В 1864 году мировая общественность праздновала трехсотлетие со дня рождения Шекспира. Некрасов задумал осуществить (совместно с имевшим уже опыт издания Шиллера Николаем Васильевичем Гербелем) издание полного собрания пьес великого драматурга. Этим проектом Некрасов усиленно занимался несколько лет начиная с 1865 года: собирал уже сделанные переводы, проводил переговоры с переводчиками или их наследниками, иногда конфликтуя со своим партнером, позволившим себе выпустить первый том без согласования с ним. В письме Гербелю Некрасов предстает вежливым, но одновременно жестким и требовательным бизнесменом.
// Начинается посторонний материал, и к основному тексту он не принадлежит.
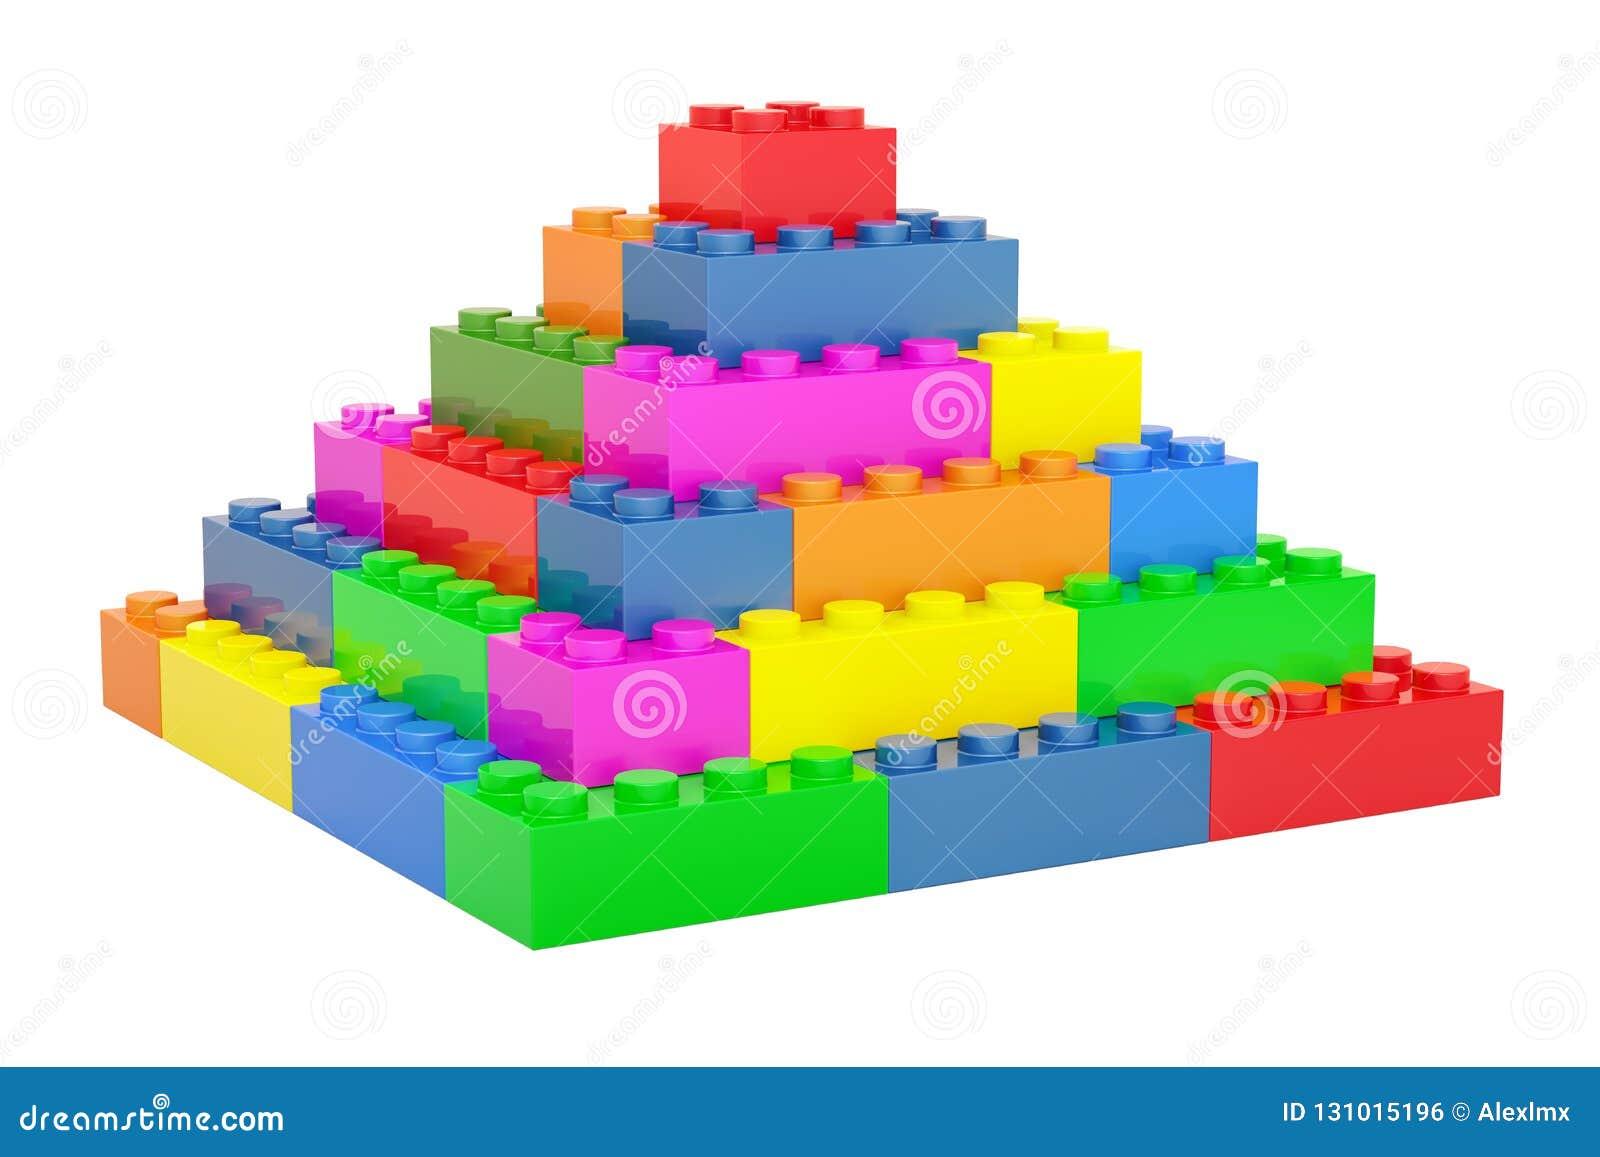 Pyramid From Plastic Building Blocks, 3D Stock Illustration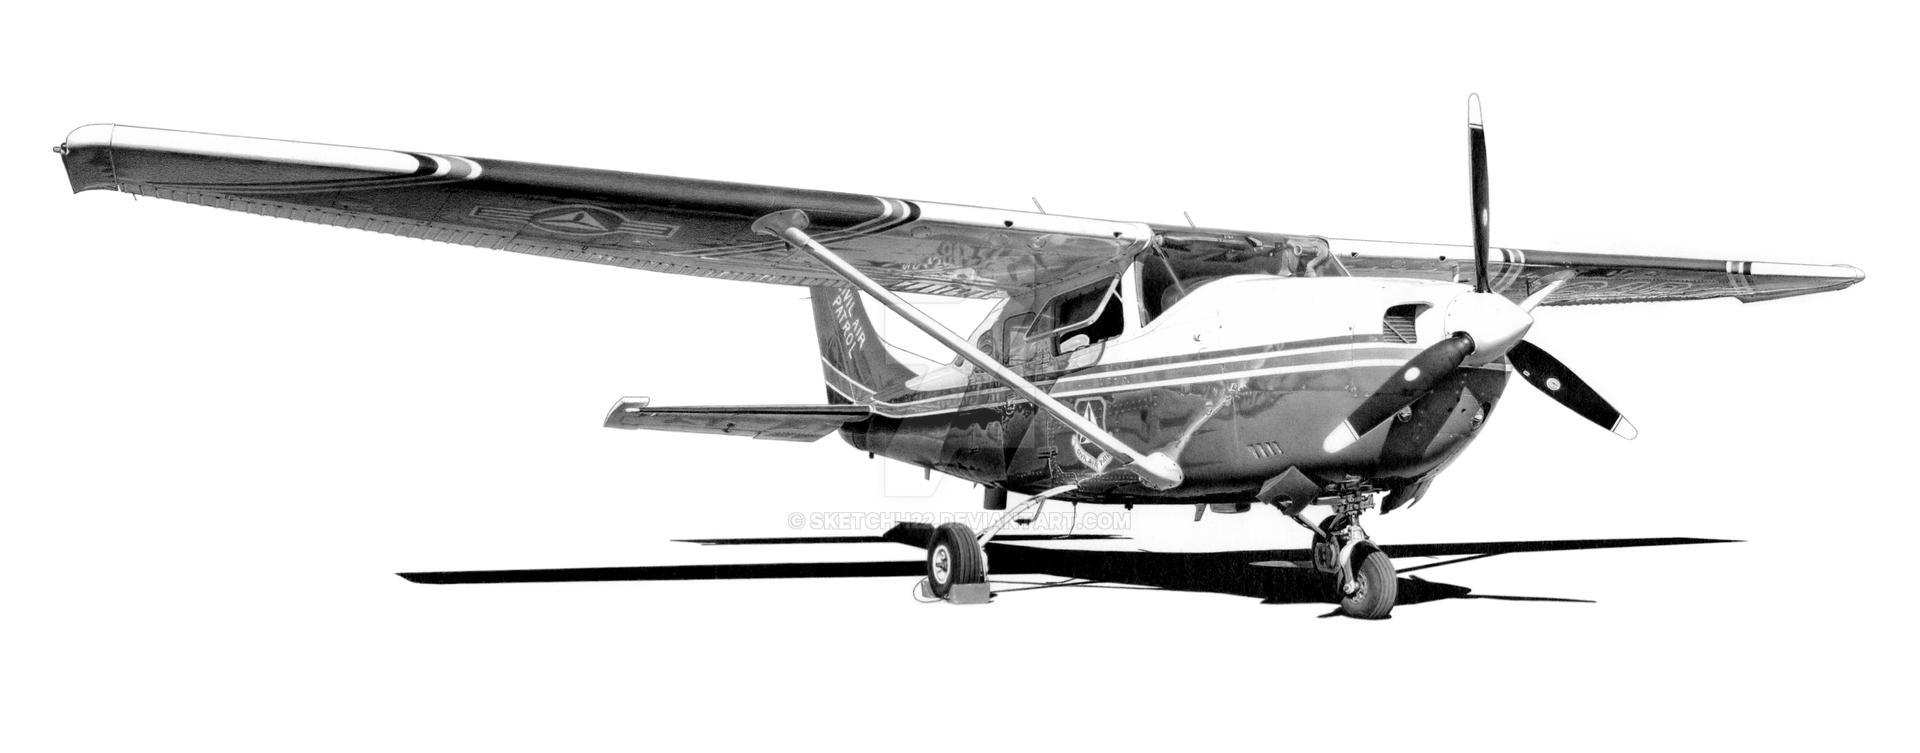 civil_air_patrol_cessna_206_print_ver_by

1865 год принес новый юбилей — столетие со дня смерти Михаила Васильевича Ломоносова, превратившийся в официозное мероприятие. Некрасов отнесся к нему существенно холоднее — лишь подписался на торжественный обед на 550 персон, состоявшийся 7 апреля в зале Санкт-Петербургского дворянского собрания, но не явился на него.

В этом году история «Современника» вступила в заключительную стадию. Отчуждение между издателем и его сотрудниками Антоновичем, Елисеевым, Жуковским, Пыпиным достигло апогея. Восприятие ими Некрасова как хозяина, а себя как наемных работников привело к попытке «захвата» журнала. Отчасти неожиданно, отчасти предсказуемо сам Некрасов оказался в роли «капиталиста», против которого подняли бунт его «рабочие». Началом «переворота» стала затеянная сотрудниками «Современника», постоянно подозревавшими своего патрона в нечистоплотности, ревизия бухгалтерских книг журнала.

Эта история сохранилась в воспоминаниях двух затеявших дело «бунтарей». Елисеев описывал ее так: «И вот мы, честные люди, по инициативе нашего политэконома, решились заставить Некрасова именно сделаться таким же честным человеком, как и мы. Один раз, когда Некрасов стал жаловаться на бедность доходов журнала, на недостаточность денег и на наши возражения предложил нам проверить его конторские книги, то мы, о срам, вызвались идти и делать самоличную поверку… И вот гурьбой все мы, сотрудники «Современника» — я, Ю. Г. Жуковский, М. А. Антонович, В. А. Слепцов, А. Ф. Головачев — отправились к Панаеву. Не помню, был ли на ревизии А. Н. Пыпин. Панаев принял нас очень любезно, раскрыл все книги и стал давать объяснения по своим бухгалтерским счетам. Мы, не знакомые с бухгалтерским счетоводством, шутили, спорили, смеялись над теми qui pro quo[32], которые получались в наших понятиях по объяснениям Панаева к терминам бухгалтерии».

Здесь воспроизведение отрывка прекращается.